Подвал назывался длинно: "Все ли спокойно на Шипке? (Об идеологических извращениях, допущенных журналом "Вопросы автоматики")". У Кости заныло под ложечкой.

- Читай, читай, - злорадно сказал Юра.

Костя пробегал статью тренированным глазом, привыкшим отделять полезную информацию от воды. Не читать же каждую фразу.

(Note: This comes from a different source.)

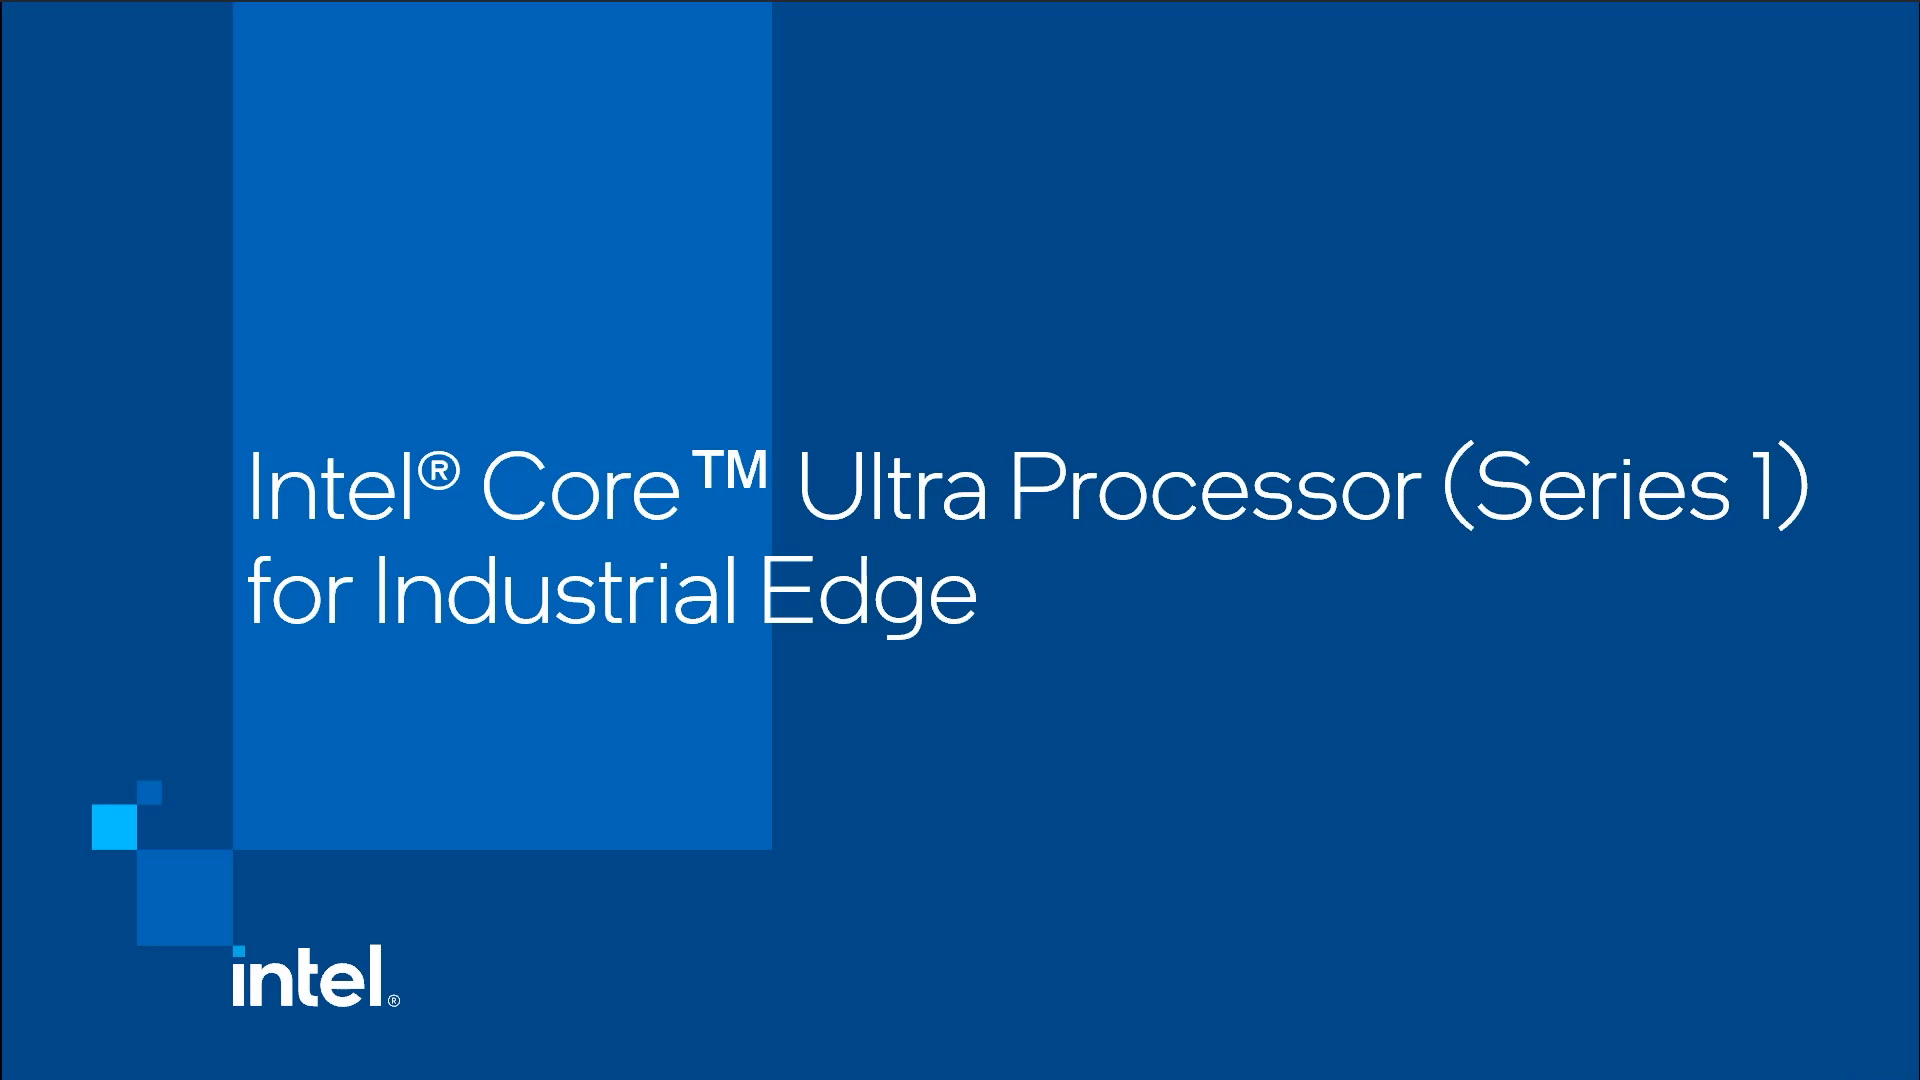 Chapter 1: Intel® Core™ Ultra Processor (Series 1) for Industrial Edge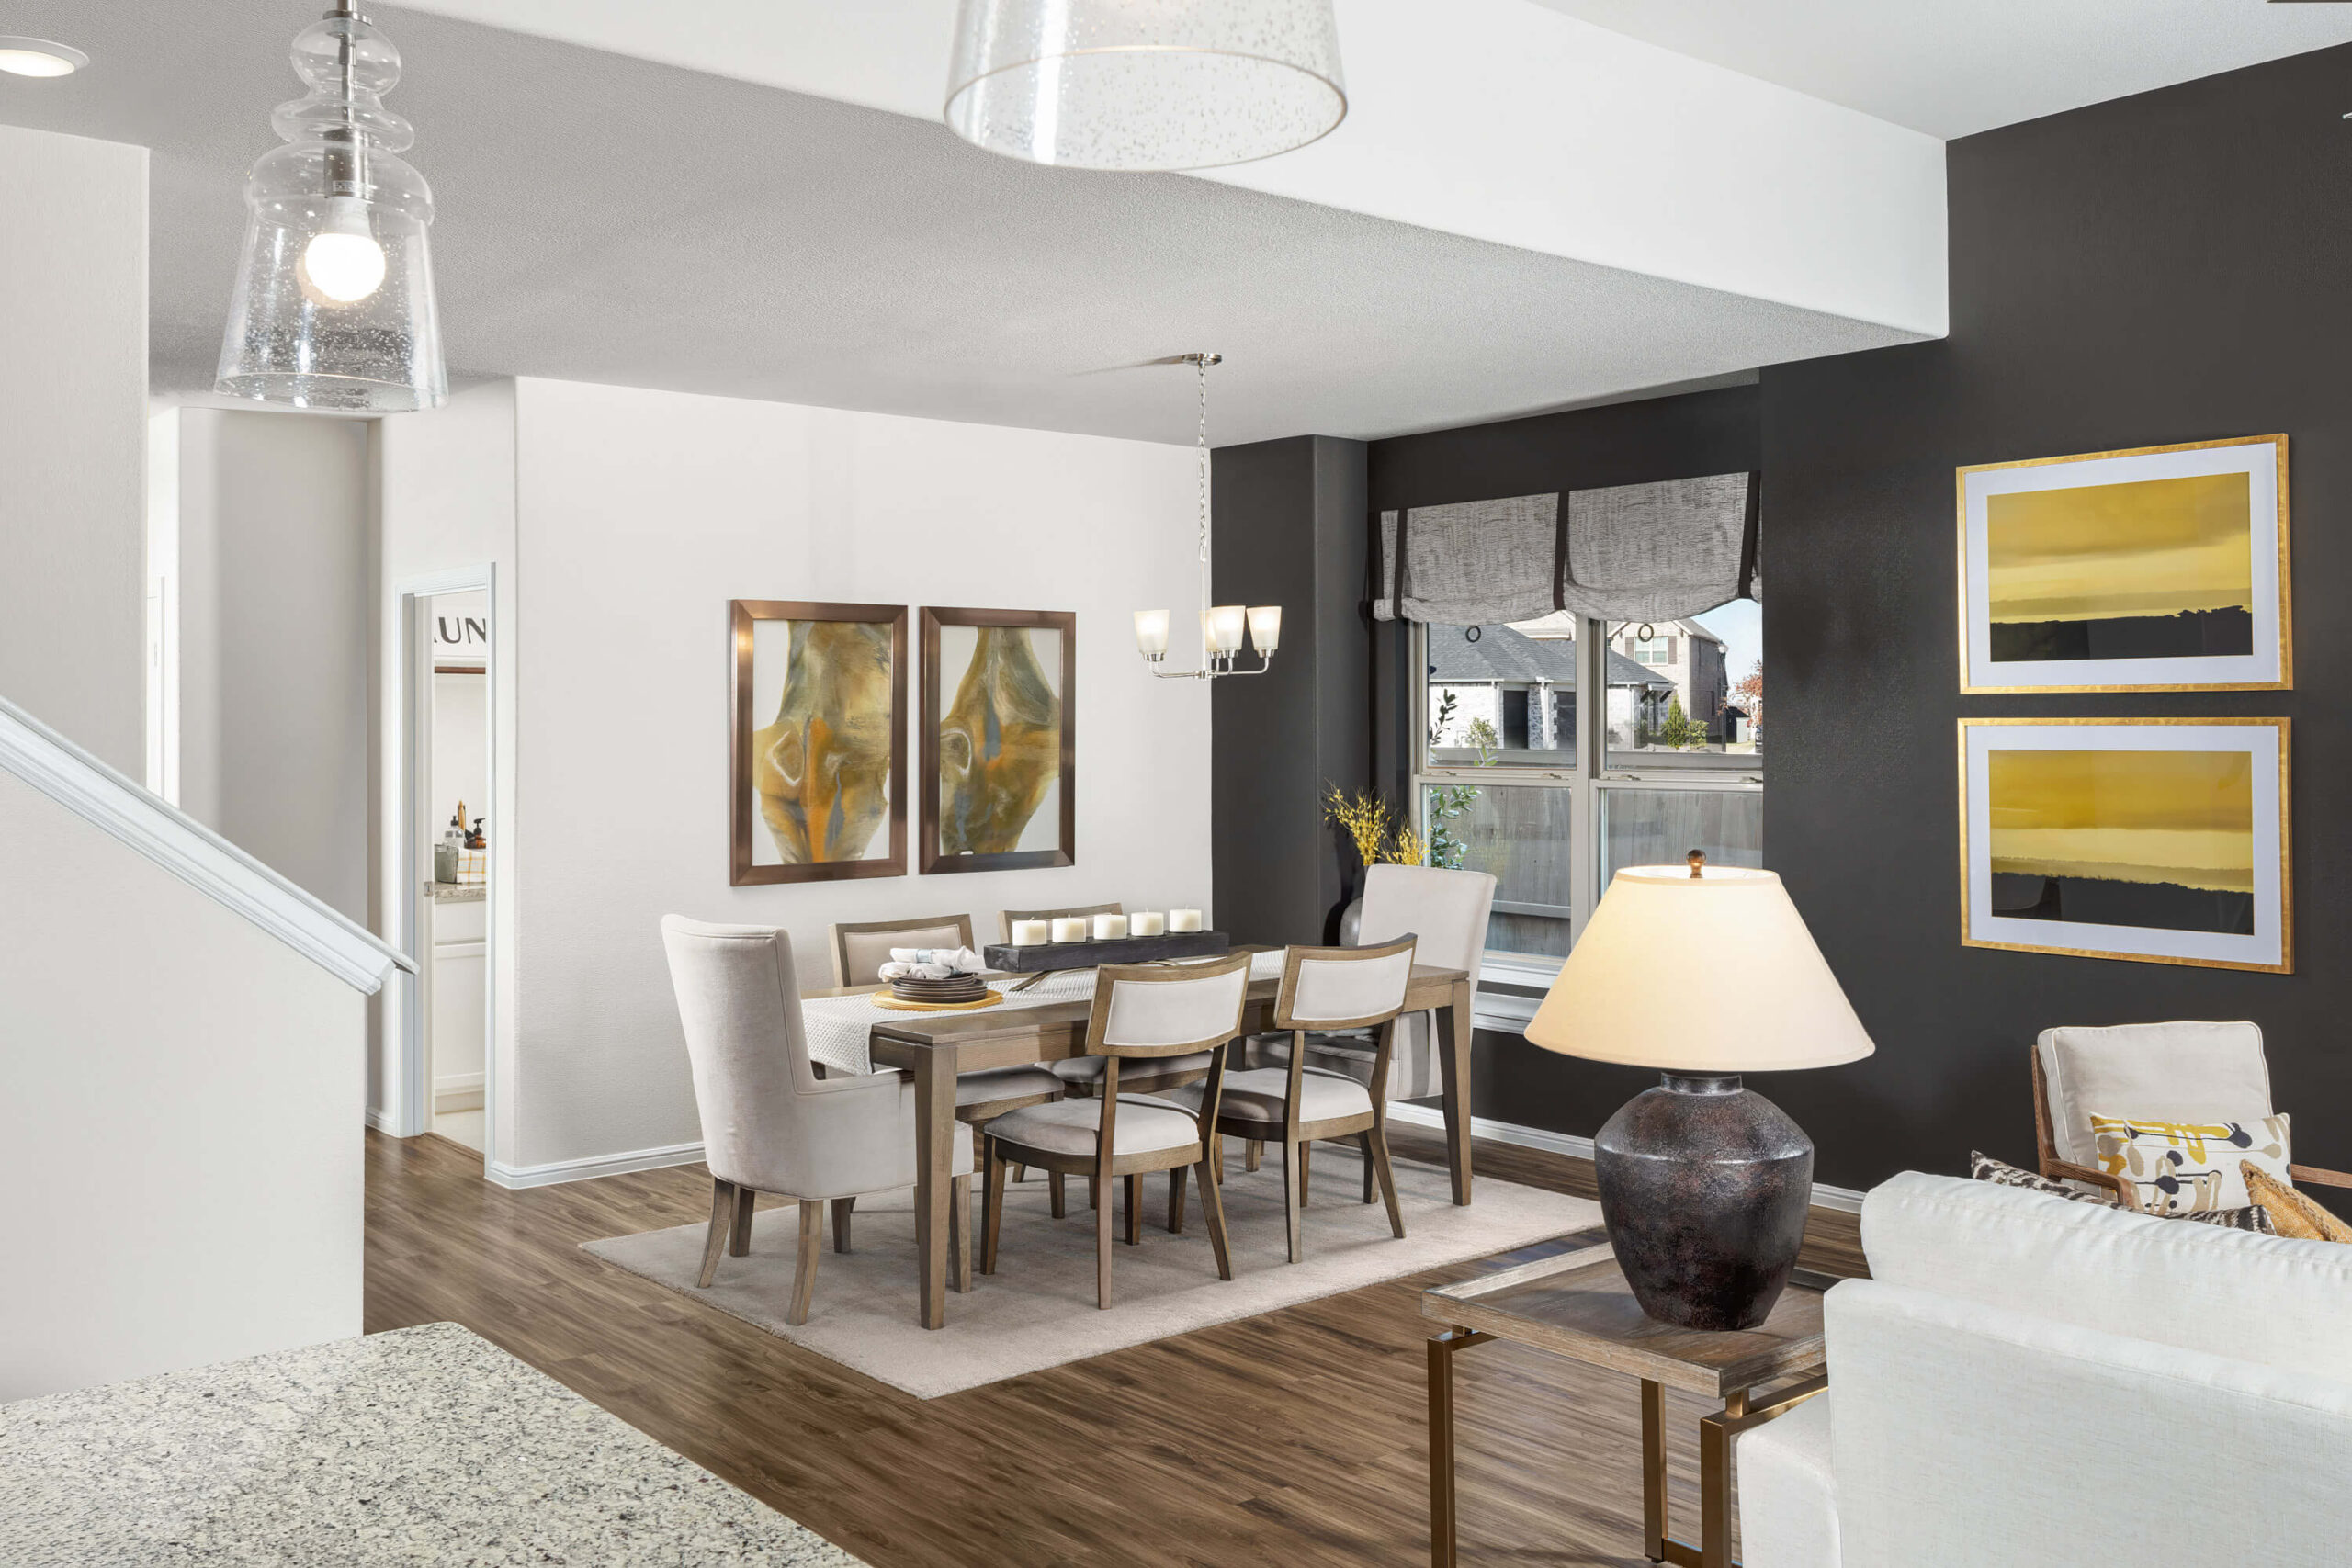 Modern dining room in new homes in DFW, featuring contrasting white and dark walls, a wooden table, upholstered chairs, and decorative artwork.

Начало, как и полагается, "за здравие":

"...Мы, воспитанники корифея..." "Известно, что наша наука во всех областях заняла ведущее положение..." Так, так... Когда же "за упокой"?

Он искал "однако". А, вот оно. На этот раз не "однако", а "но":

"...Но бывает у нас иногда и так, что под видом "новых" концепций и "оригинальных" обобщений некоторые "ученые мужи" пытаются протащить обветшалые идеалистические "идейки", уводящие научную мысль с широкого пути материалистического познания..."

Кавычки, кавычки... Прямо в глазах рябит. Отсюда надо читать внимательно.

"...Не так давно журнал "Вопросы автоматики" предоставил свою трибуну неким К.Левину и Ю.Нестерову для самой разнузданной пропаганды идеализма и ничем не прикрытого низкопоклонства перед иностранщиной".